The rain intensified. Drops hit the metal, the skin, the envelope between them. The papers got soaked, but they didn't move. Seungho leaned in, pressing his forehead against Do-jun's.
— Promise me, — he said.
— What?
— That if everything collapses, you will stay alive.
Do-jun closed his eyes.
— Only if you're by my side.
The world narrowed to their breathing, mixed with the rain, to the smell of wet asphalt and smoke-scented paper. No words about victory. Only weariness, warmth, and a quiet vow — to survive, no matter what.
Later, in the apartment, Do-jun lay on the sofa, wrapped in a blanket. His hair still smelled of soot, but his eyes were clear. Seungho sat nearby, sorting through the envelopes, each marked by fire like a memory.
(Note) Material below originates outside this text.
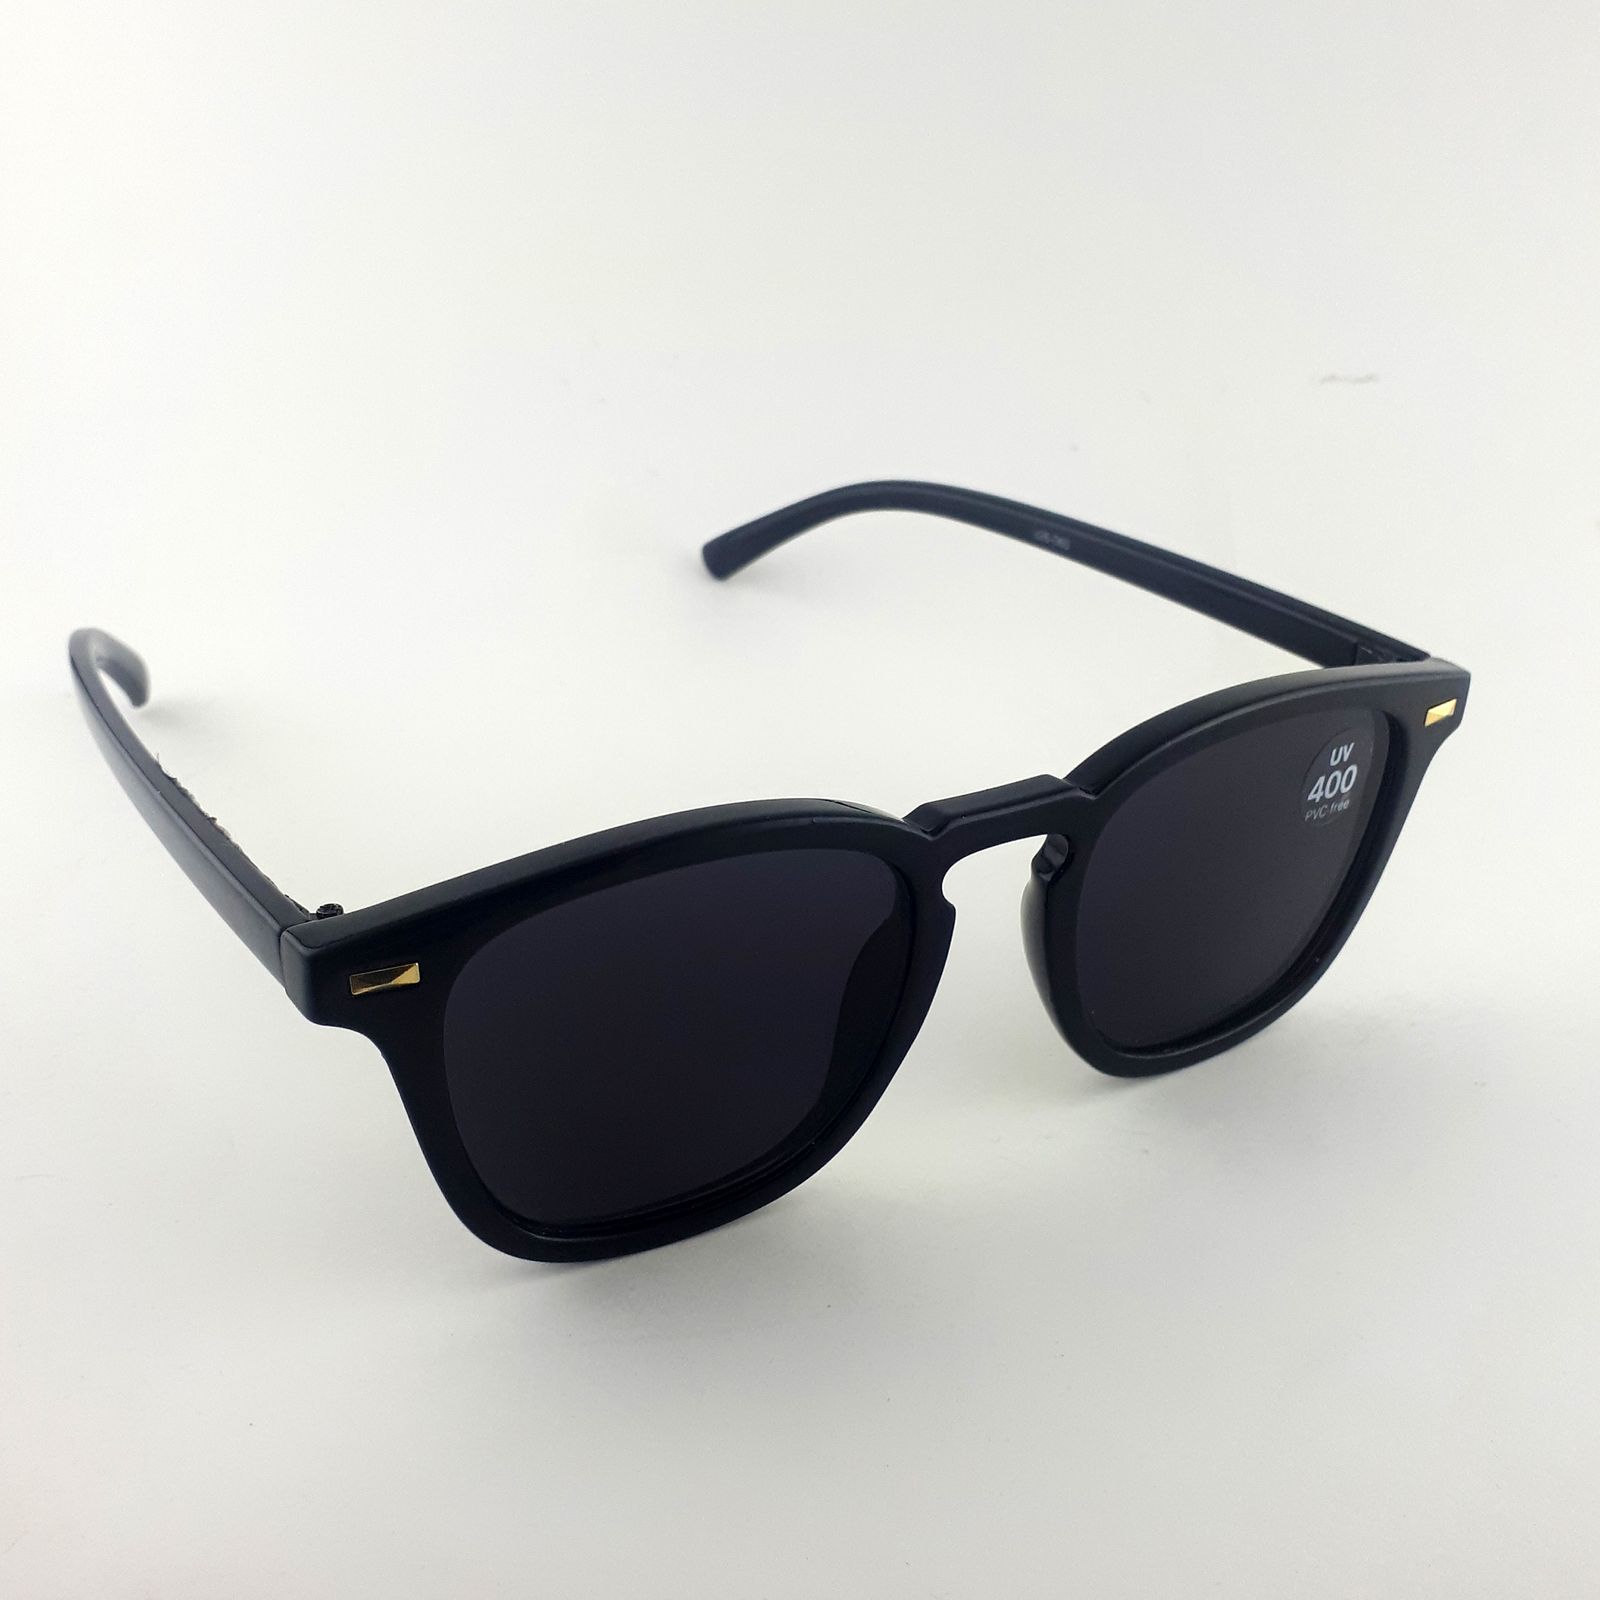 عینک آفتابی زنانه مدل sx-326-060-uv-vifrer -  - 2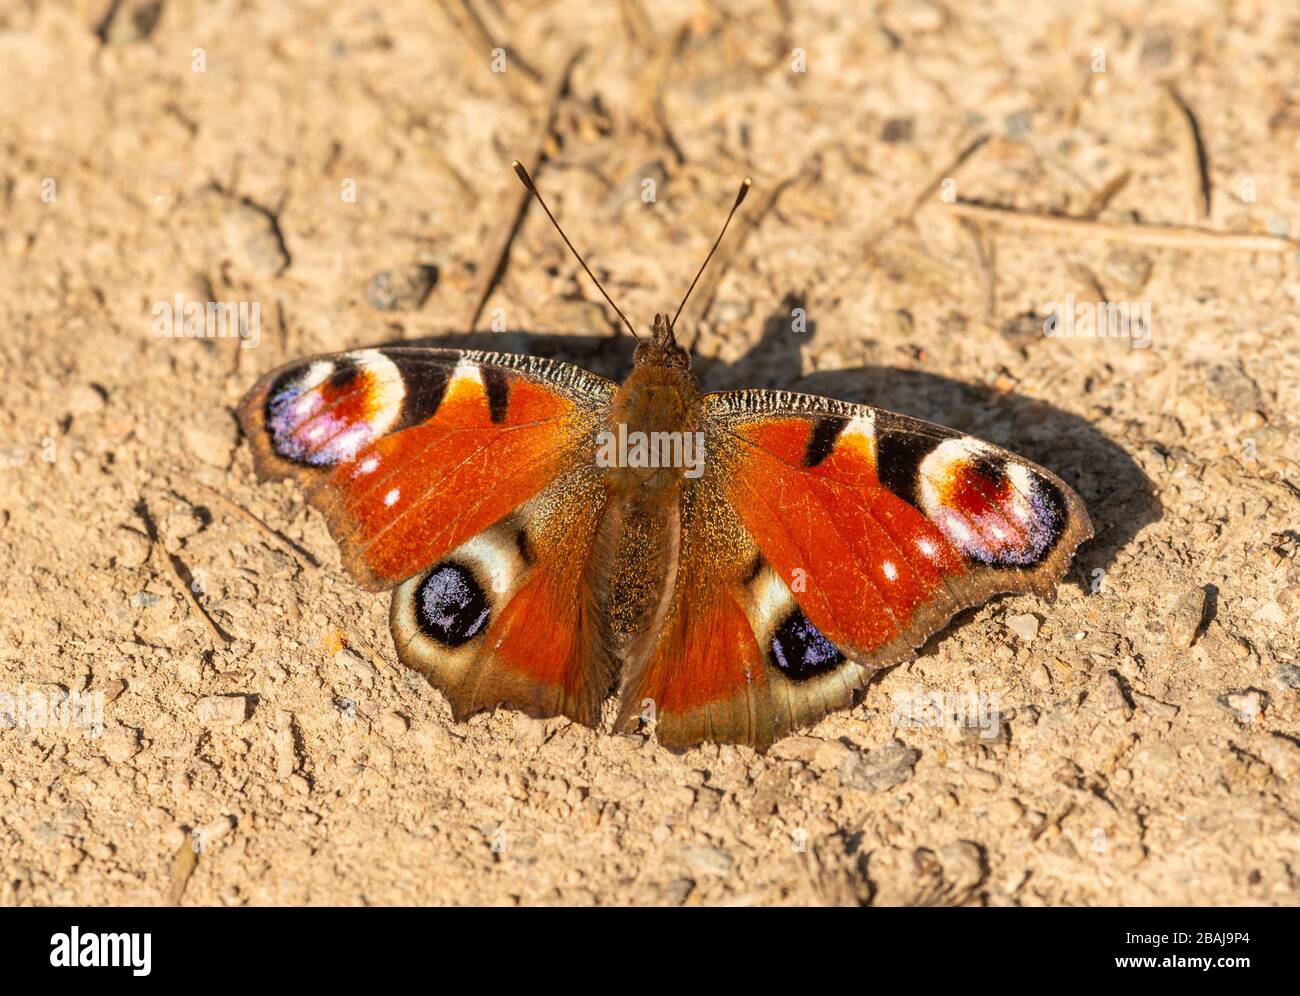 Farfalla di pavone (Aglais io) seduta aperta a terra, macro di insetti animali Foto Stock

He picked up one sheet — with the faded city hall seal. A thin red stripe crossed Park's signature.
— Now we know where to go, — he said.
Do-jun nodded.
— And who is behind him.
Seungho put the papers in a drawer and returned to him. He sat down, touching his shoulder.
— Sleep.
— And you?
— I'll be here.
Do-jun closed his eyes. Seungho's pheromones — soft, warm, like a refuge — filled the room. The flames, the smoke, the city hall, the betrayal — all of it remained outside the glass. Only silence and their breathing remained here — steady, like the pulse of the survivors.